Dużo rozmawiałam z dziewczynkami. W końcu podjęłam decyzję. Zdjęłam obrączkę i powiedziałam, że żony już nie ma. Jeszcze tliła się we mnie jakaś nadzieja, że to będzie szok i mąż zrozumie. Zero reakcji. Trwałam w tym wszystkim jeszcze do grudnia 2016 roku. Tłumaczyłam córkom dlaczego tak się dzieje. Zrozumiały do tego stopnia, że stwierdziły, że jeśli nie mogę być z człowiekiem do którego nic nie czuję, to nie powinnam być z nim dla nich. Dotarło do nich, że ten czas 10 lat od powrotu męża z Katowic, to było trwanie w związku ze względu na dzieci. W ciągu dwudziestu lat odciął mnie od znajomych, przyjaciół i nawet od rodziny. Przez lata tego nie dostrzegałam.

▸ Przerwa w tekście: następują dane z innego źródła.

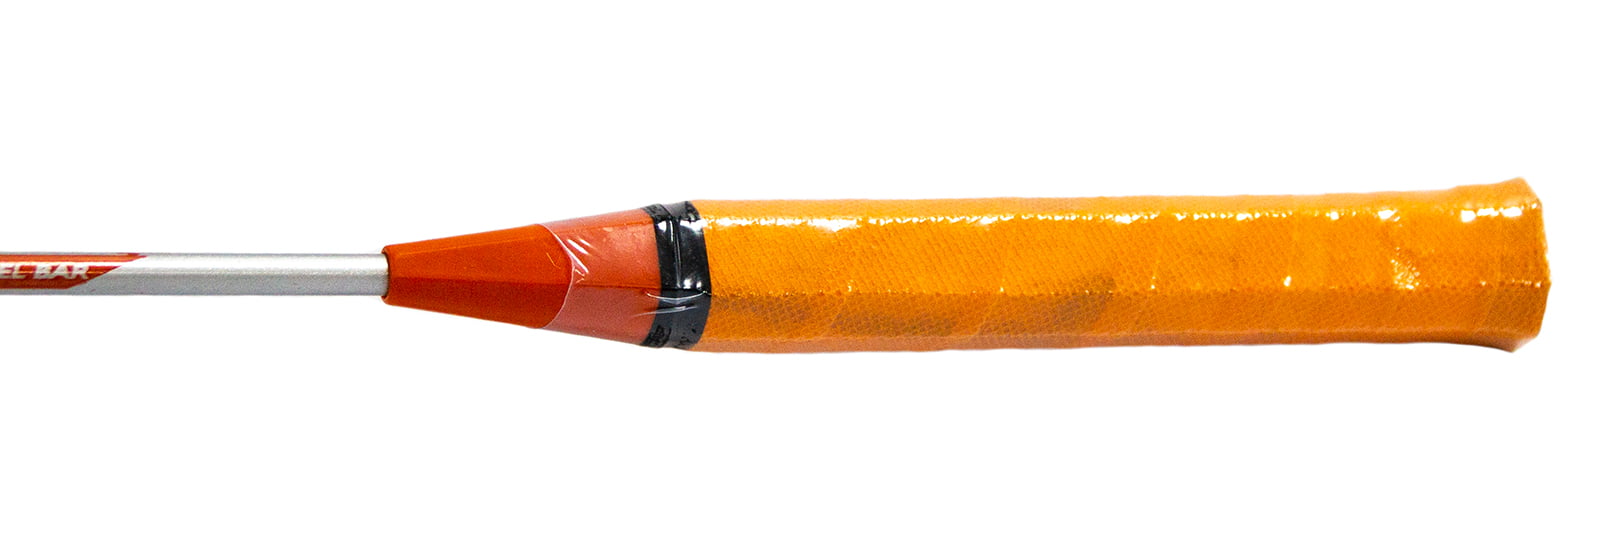 Ракетки для бадминтона BOKA в чехле, Т13981 / оранжевый

Zdecydowałam się wreszcie odejść. To było po świętach, kiedy zostawił nas same i pojechał na działkę. Zaproponowałam, aby dziewczynki miały zapewnioną opiekę naprzemienną, chciałam ugodowo rozwiązać nasz problem. Potem chyba zrobiłam największy błąd, skontaktowałam się z prawnikiem, który miał mi przygotować plan wychowawczy. Jednym punktów dotyczył świadczenia alimentacyjnego. Nie mając świadomości prawnej powiedziałam, żeby to było 50 zł, ale prawnik powiedział, że musi być min. 200 zł. Okazało się, że wcale tak nie musiało być, a ten wymóg zadziałał na męża jak płachta na byka. Zaczął działać przeciwko mnie. Nastawił tak dziewczyny, że nagle one odwróciły się ode mnie o 180 stopni. Nie chciały opieki naprzemiennej, którą zaproponowałam i one zaakceptowały. A przecież nawet nie chciałam tych pieniędzy, ale żeby wpłacał je na konto dziewczyn. Myślałam, że to jest wymóg. Córki zostały z ojcem. Tak się zmieniły, że przez pierwsze pół roku nie miałam z nimi w ogóle kontaktu. Przedstawił im, że to ja jestem zła, bo chcę odejść.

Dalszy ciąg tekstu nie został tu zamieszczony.